さて、不愉快な思い出は早々に片付けた方がいい。
記憶と言うのは不思議なもので、楽しかった事等は“喉元過ぎれば‥”って風化し始める。けど、マイナスの思い出はなかなかメラメラと脳の襞の奥底に食い込む。
これは善意のパワーより、復讐のパワーがより強大な事でも良く判る。( -_-)=з
やだやだ。

泊まる前にもっと良く調べるべきだった。でもなかなか商業主義的でない記事は高ランクに位置していないもの‥。まぁ、山の中の一軒宿にはよくある事で、僕も油断をしていた。
普通の娘出身の助役を喜ばせようと、メディアの賛美する所に行こうとしたのだけど‥

そうそう、早起きした僕らは助役が混浴露天風呂に入浴出来るかと下見に行った。
平日のためそれ程混んでいない為か、先客があればわざわざ後から『ごめんよ‥』ってオッサンが入ってくる事も無さそうだ‥。
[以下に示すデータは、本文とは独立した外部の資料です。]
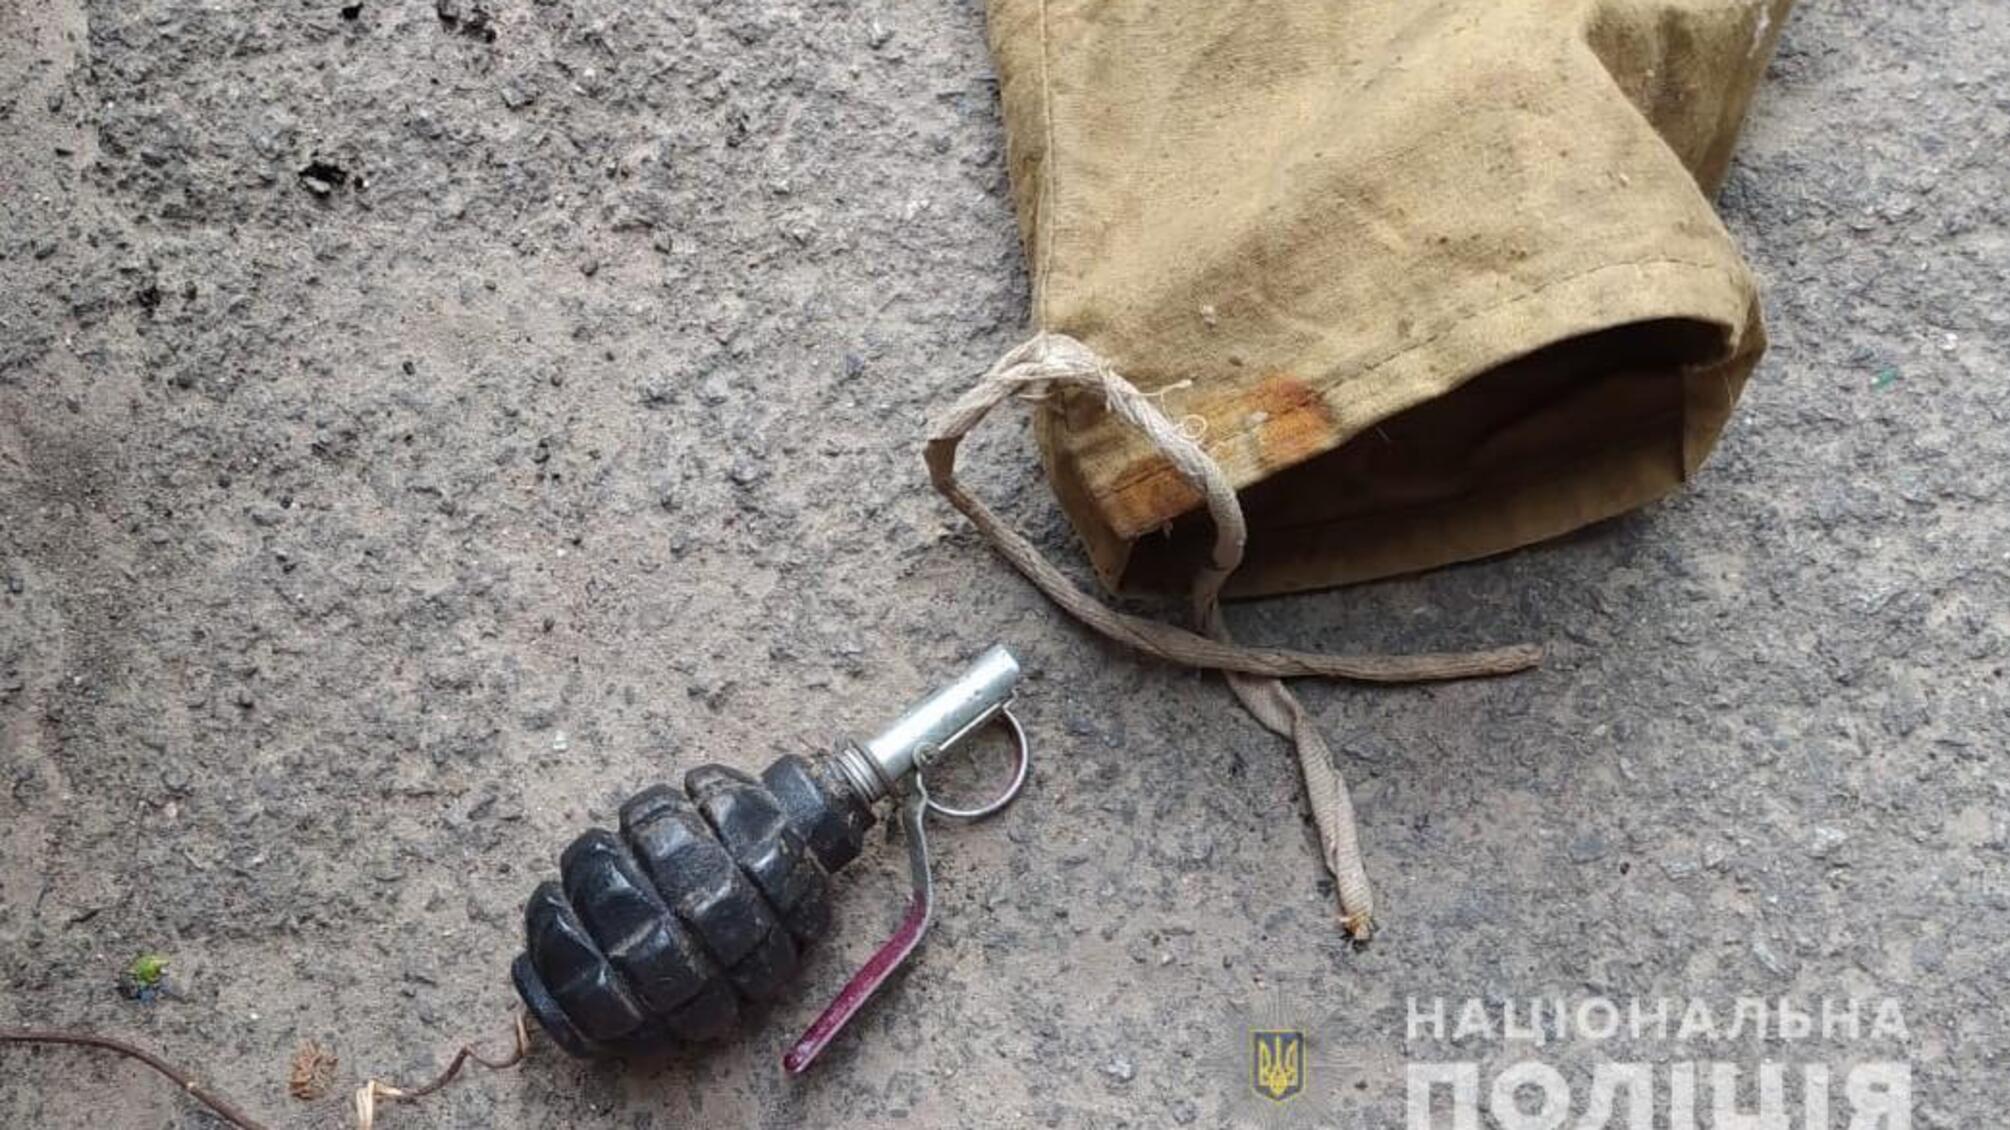 Поліцейські вилучили у жителя Овідіопольського району заборонені предмети та речовини

って憶測、好意的な‥

「居ないよ」って、言ったら「対岸にカメラを構えているヒトが居る‥」って言う。
なんと、大胆な!様子を見に行くと、確かにジッツォの三脚にブローニーのカメラを構えたオッサンが何か?を撮っている。「すいません。お風呂の方にカメラを向けないで貰えますか?」って僕にしては120%丁寧に聞いたら、耳の不自由な人なのか、判らないフリ?をしている。「向う行け!」って身振りでしたら退散した。景色を撮っていたのかも知れないけど、無神経にも程がある。宿が宿なら客も客だ‥。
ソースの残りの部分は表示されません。